New Escapologist was a UK-based lifestyle magazine between 2007 and 2017, now continued online as subscription essays. The magazine and the current essay series take the stance that work has too central a position in western life and that work, consumption and pursuit of social status too often take precedence over happiness, liberty, and unstructured leisure.

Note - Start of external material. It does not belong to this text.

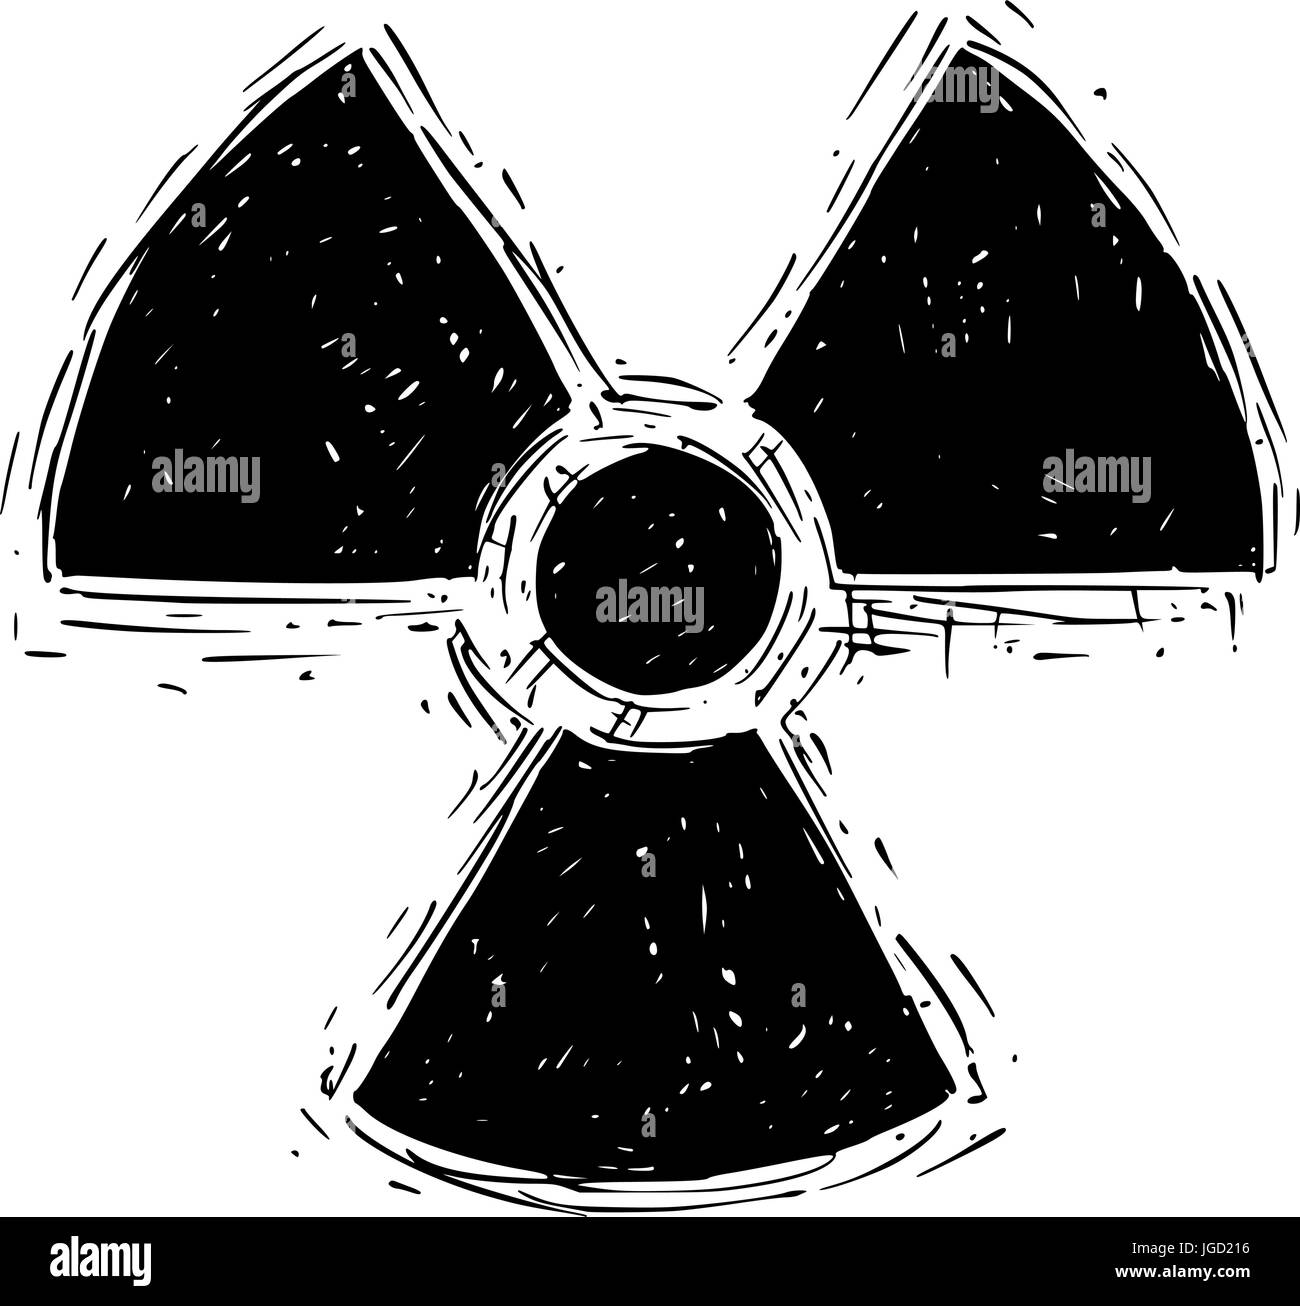 Vektor Doodle Handzeichnung Symbol für radioaktive Strahlung. Stock Vektor

Simple living, creativity and Epicureanism are offered as solutions to the problems of overwork and overconsumption.

History
New Escapologist was founded in 2007. Speaking at a public event together in 2009, Robert Wringham told Tom Hodgkinson that he started New Escapologist after reading Hodgkinson's book How to be Free alongside a biography of Houdini and Among the Bohemians: experiments in living by Virginia Nicholson.

A pilot issue was printed in 2007, a first canonical issue in 2008, and a launch party was held at the Glasgow CCA in 2009.

In 2011, New Escapologist organized a zine fair in support of the student occupation of Heatherington House at the University of Glasgow. The same year saw the launch of a fifth issue at The Arches theatre and nightclub, and a sixth issue at the Edinburgh Festival Fringe.

In 2014, around the time of the magazine's tenth issue, a spin-off book written by Wringham was announced. Following a successful crowdfunding campaign, the book was published by Unbound on 28 January 2016 followed by a German edition published by Heyne Verlag later that same year.

In 2017, it was announced that the magazine would close after a decade but would continue online as a subscription essay series mediated by Patreon. The first of these essays went live in April 2017.

Production
The magazine's distinct typography, according to a colophon printed in the back of each issue, was achieved using Donald Knuth's TeX typesetting system with a layout based on an ancient Ge'ez liturgical text seen at the Matenadaran Manuscripts Museum in Armenia.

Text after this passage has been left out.